We know that the moment of inertia for a uniform, circular cylinder is given by I = (1/2)mr^2, where m is the mass of the cylinder and r is the radius. In this case, the mass of the tower is not given, but we can calculate it using its volume and density. The volume of a cylinder is given by V = πr^2h, and the density (ρ) is given by ρ = m/V. Therefore, the mass of the tower is m = ρV = ρπr^2h.

Now, let's plug in our values and solve for the torque:

τ = (mg)(h/2) = (ρπr^2h)(g)(h/2) = (ρπr^2h^2)(g/2)

Since we want to find the additional displacement needed at the top to bring the tower to the verge of toppling, we can set this torque equal to the torque caused by the additional displacement, which is given by τ = xmg. Therefore, we can write the equation:

xmg = (ρπr^2h^2)(g/2)

Solving for x, we get:

x = (ρπr^2
 

1. What is the concept of equilibrium in Newton's Laws of Rotation?
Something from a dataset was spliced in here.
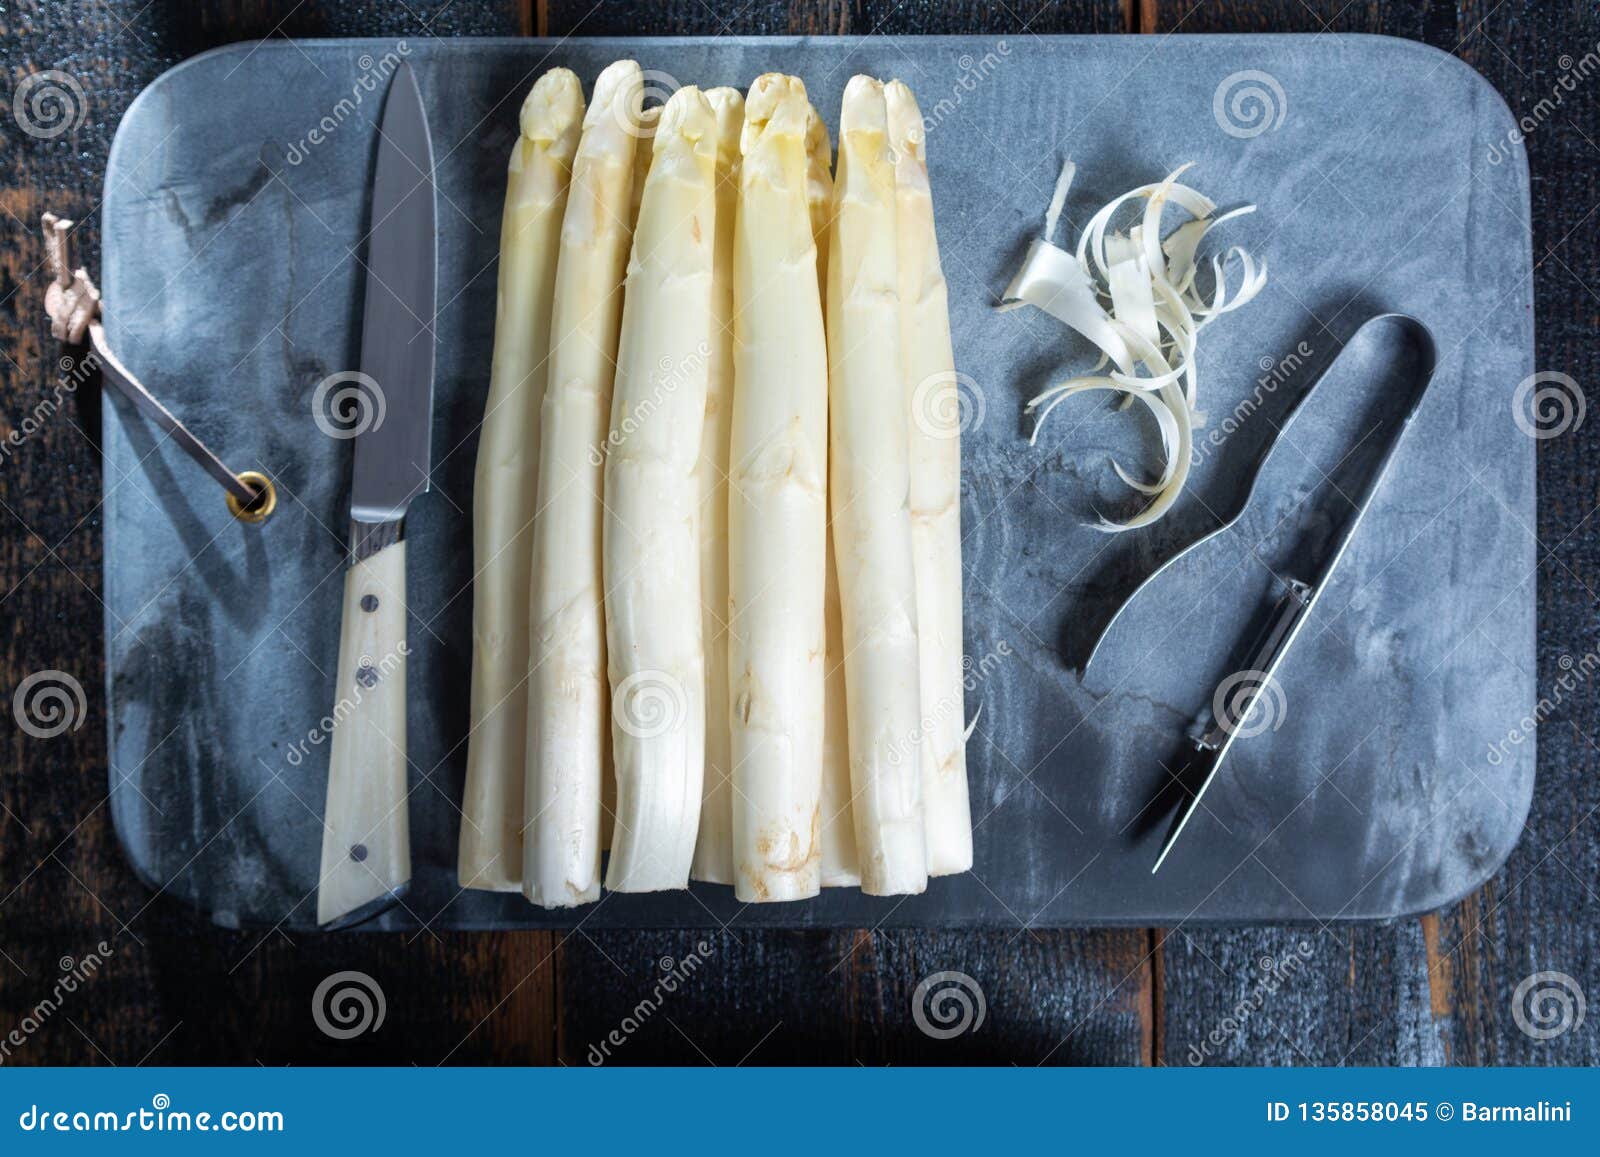 https://thumbs.dreamstime.com/z/top-view-fresh-tasty-white-asparagus-seasonal-vegetable-new-harvest-piller-knife-ready-to-cook-top-view-fresh-tasty-white-135858045.jpg

In Newton's Laws of Rotation, equilibrium refers to the state in which an object's rotational motion does not change. This means that the net torque acting on the object is equal to zero.

2. How is equilibrium achieved in rotational motion?

Equilibrium in rotational motion is achieved when the sum of all the torques acting on an object is equal to zero. This can be achieved by balancing the forces acting on the object or by adjusting the object's center of mass.

3. What are some real-life examples of equilibrium in rotational motion?

Some real-life examples of equilibrium in rotational motion include a spinning top, a bicycle wheel in motion, and a Ferris wheel. In all of these examples, the object's rotational motion remains constant due to the balanced torques acting on them.

4. How does the concept of equilibrium apply to objects with irregular shapes?

The concept of equilibrium applies to objects with irregular shapes in the same way as it does to objects with regular shapes. The key is to find the object's center of mass and ensure that the net torque acting on it is equal to zero.

5. Can an object be in both translational and rotational equilibrium at the same time?

Yes, an object can be in both translational and rotational equilibrium at the same time. This means that the object's motion remains constant both in terms of its position and its rotation.